Just as you can't imagine what the US reaction would be to the men's national team "choking" as the women's national team reportedly did. First, the men's team would have to be in the same place as the women's team for this comparison to work. That is they would have had to have won enough World Cups to have US support of the national team at a similar level to that of the women's team. The relatively late arrival of the Women's World Cup is enough to have inspired the US support of the women's team: two World Cup victories means the US has won two of six, a third of the World Cups. The men's team would not have the same level of support if it had won two World Cups out of all of them which go back to 1930! The status would be higher, but you can't say it would be at the same level. Secondly, given the same positioning, if you set the situations to somehow be hypothetically the same and the only difference be gender, how can you claim the response would be differently?

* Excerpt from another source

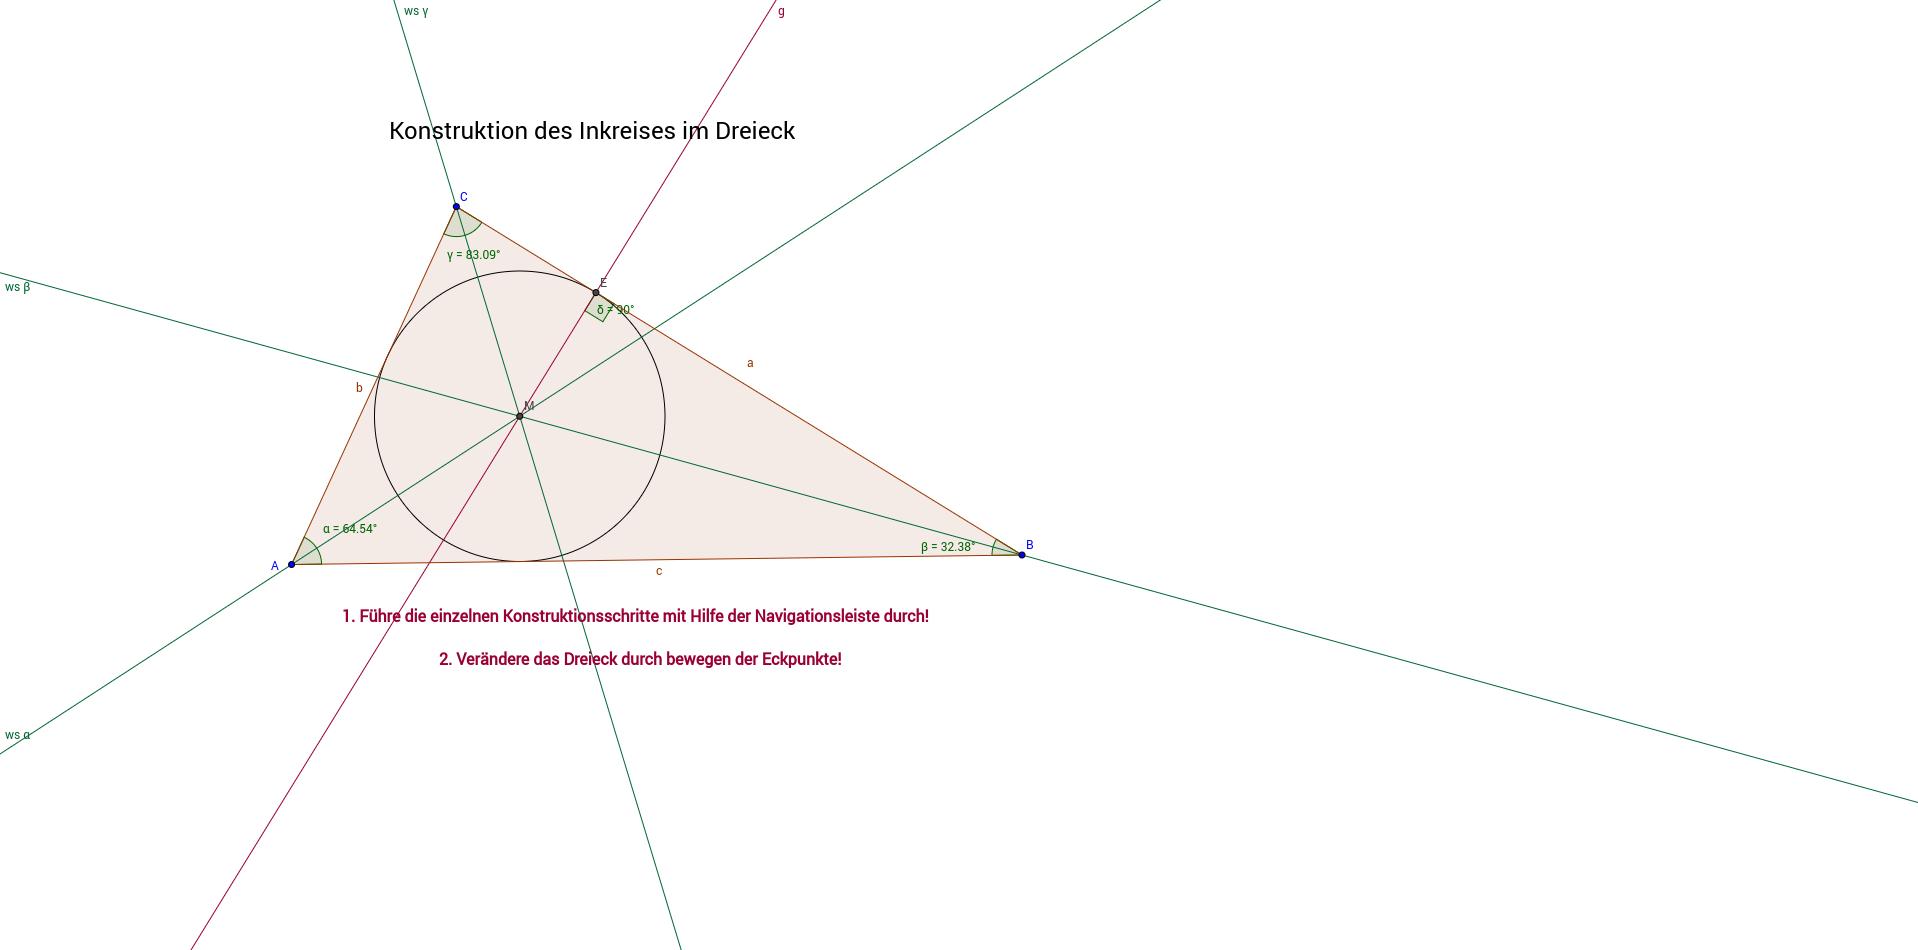 Der Inkreis des Dreieckes

It seems simply disingenuous to assume that the women's national team which has better support in the United States and has had more success would only get a general positive response to their World Cup runner-up position because they are women. Asking the question of how the people would react if it was the men's team is useless. There are countless differences between the two and simply pretending those differences didn't exist, you are left without a point. You do not know if you are right or not. It's not reporting to lay out opinions and it isn't reporting to ask questions and answer them yourself that can only be answered with opinions.

So yeah, sure you can think that the men's team in the same situation would be trashed. You can think the women's team choked. You are certainly allowed to think these things. And share these thoughts. But that's not reporting and to tell you the truth I do not care what you think about such things.

(If only I actually didn't care what they thought. If only I watched SportsCenter, Pardon the Interruption, or Around the Horn every once in a while. Sigh.)